I think it's partly tongue in cheek, because when "big data" was over hyped, everyone claimed they were working with big data, or tried to sell expensive solutions for working with big data, and some reasonable minds spoke up and pointed out that a standard laptop could process more "big data" than people thought.
> For our first experiment, we used ClickBench, an analytical database benchmark. ClickBench has 43 queries that focus on aggregation and filtering operations. The operations run on a single wide table with 100M rows, which uses about 14 GB when serialized to Parquet and 75 GB when stored in CSV format.
Processing data that cannot be processed on a single machine is fundamentally a different problem than processing data that can be processed on a single machine. It's useful to have a term for that.
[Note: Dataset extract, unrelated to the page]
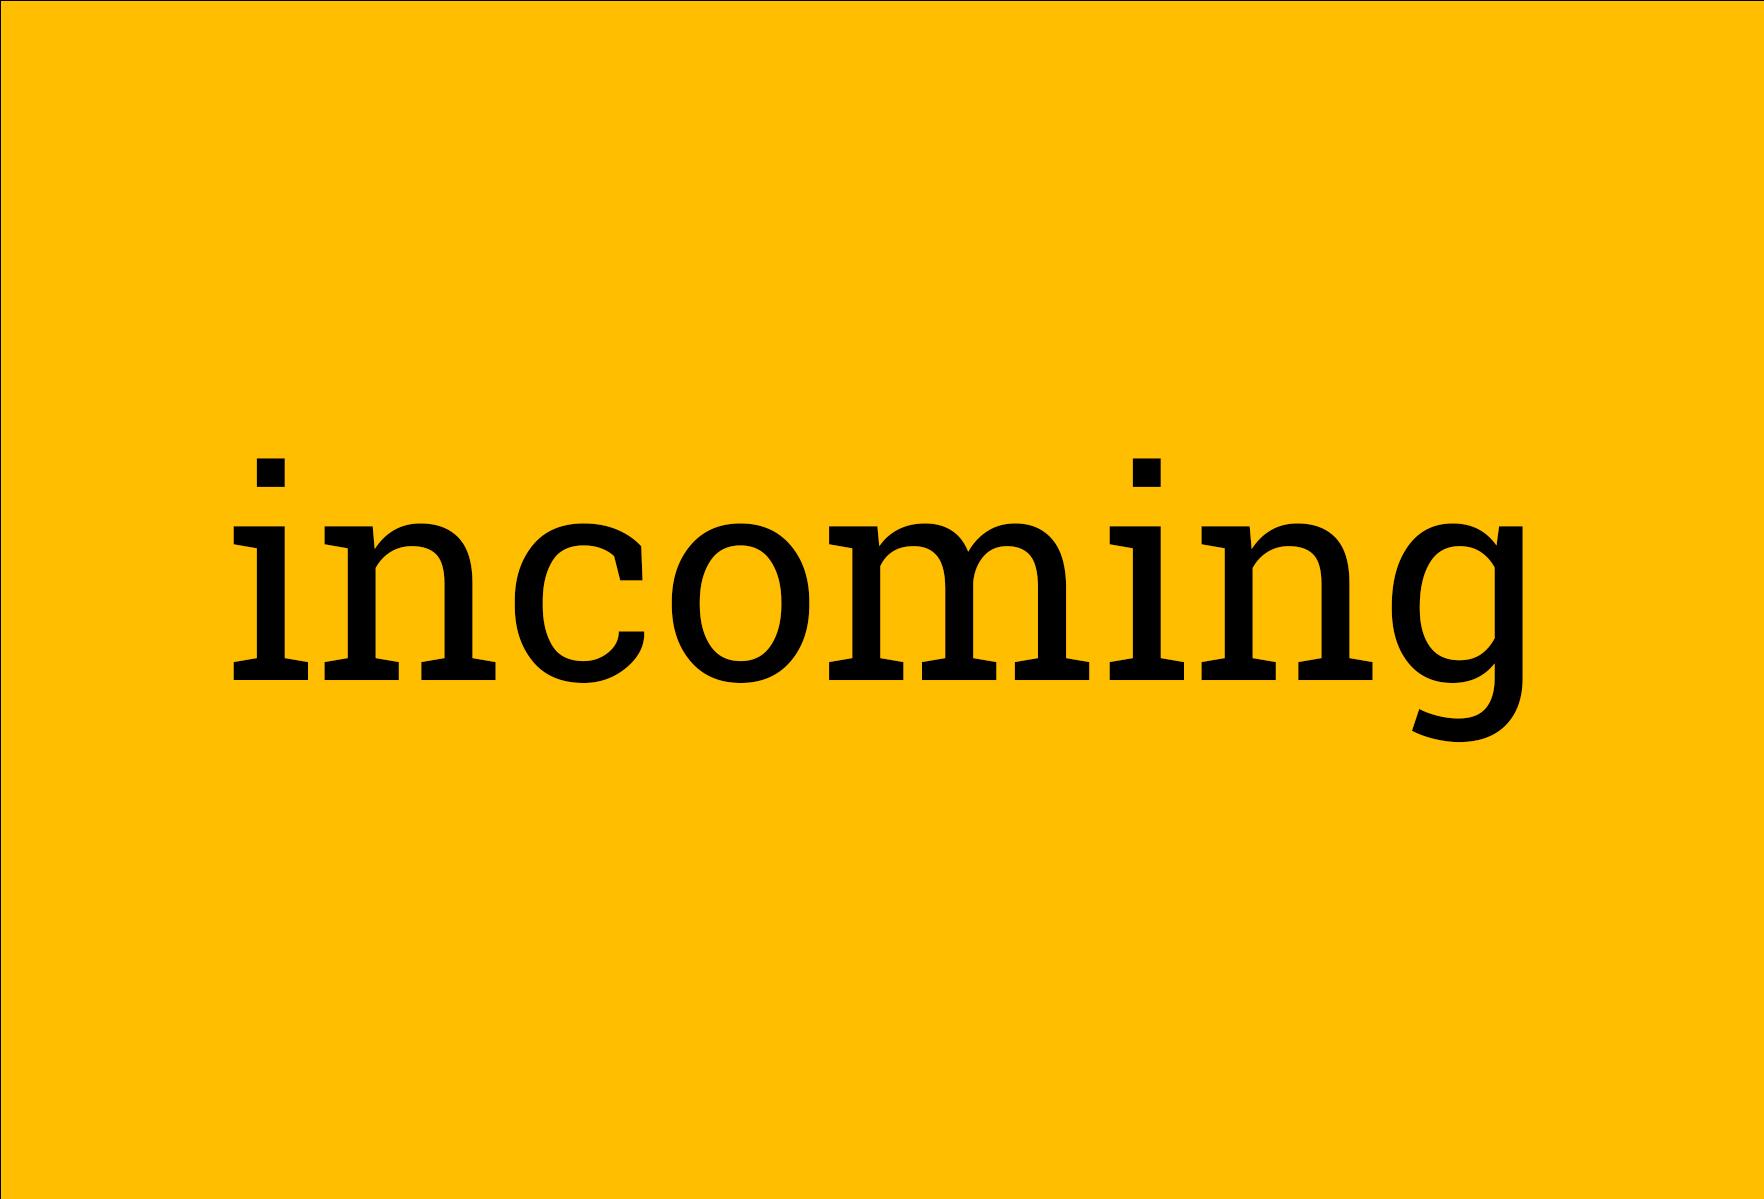 Incoming

As you say, single machines can scale up incredibly far. That just means 16 TB datasets no longer demand big data solutions.
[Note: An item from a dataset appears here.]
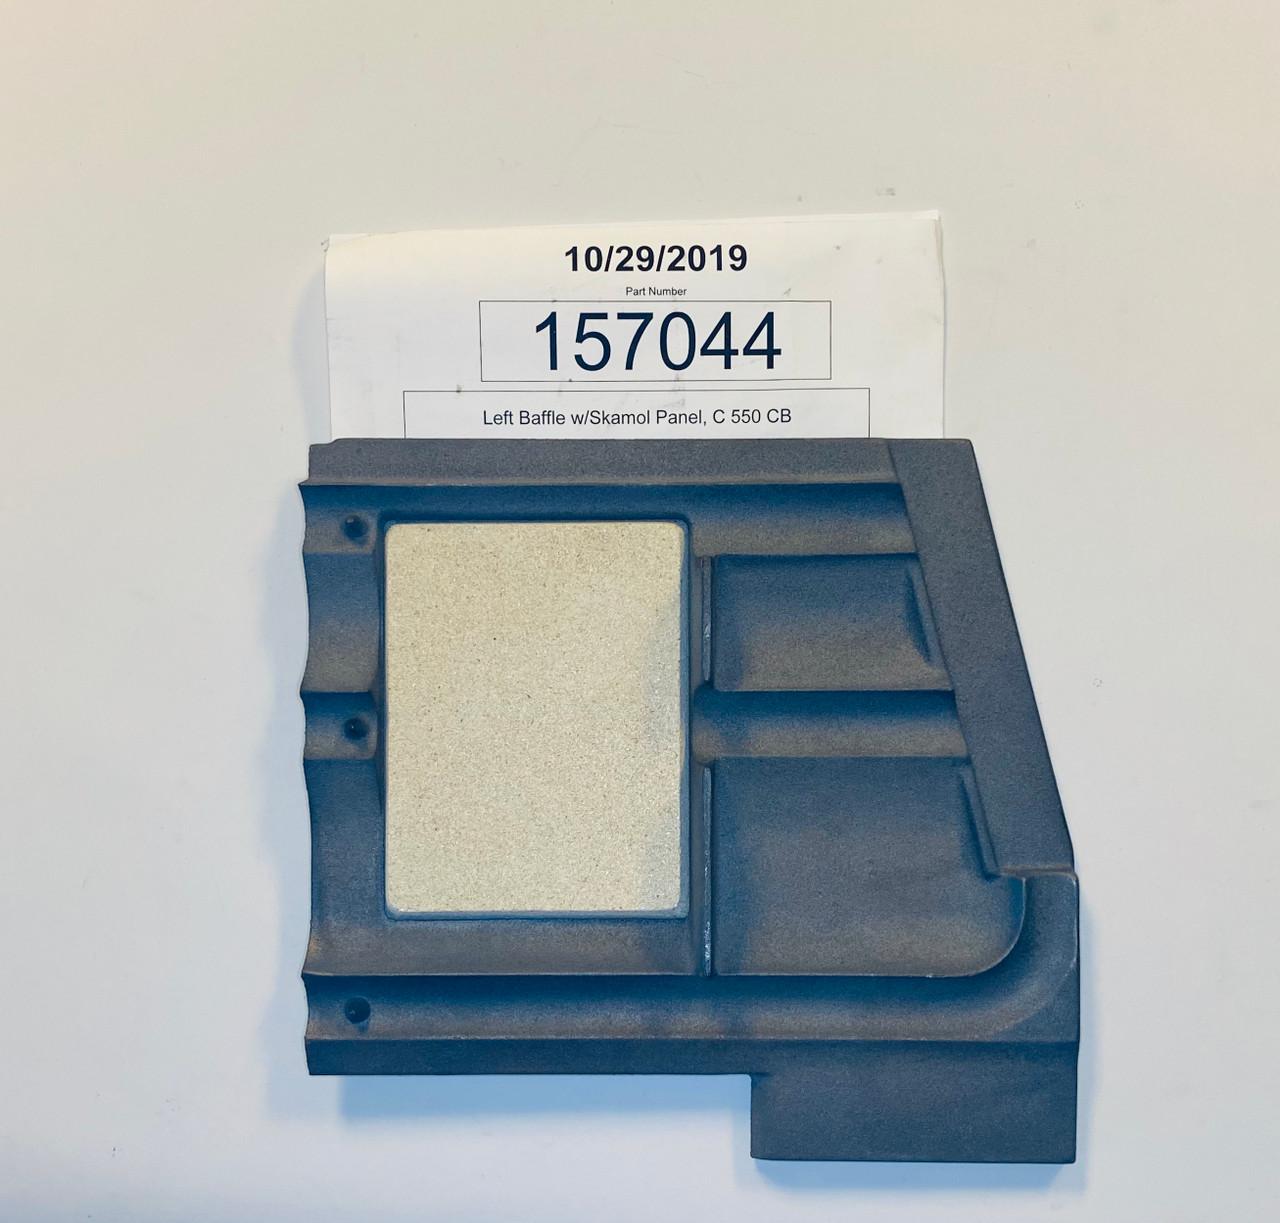 Jotul C550 LH Baffle Plate 157044  bottom side

I get your point, but I don’t know if big data is the right term anymore.
Many people like to think they have big data, and you kinda have to agree with them if you want their money. At least in consulting.
Also you could go well beyond a 16TB dataset on a single machine. You assume that the whole uncompressed dataset has to fit in memory, but many workloads don’t need that.
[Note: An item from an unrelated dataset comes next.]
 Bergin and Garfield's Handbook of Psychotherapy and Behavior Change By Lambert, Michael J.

How many people in the world have such big datasets to analyse within reasonable time?
I think the definition of big is smaller than that. Mine was "too big to fit on a maxed-out laptop", effectively >8TB. Our photo collection is bigger than that, it's not 'big data'.
Or one could define it as too big to fit on a single SSD/HDD, maybe >30TB. Still within the reach of a hobbyist, but too large to process in memory and needs special tools to work with. It doesn't have to be petabyte scale to need 'big data' tooling.
I guess they’re using a different definition?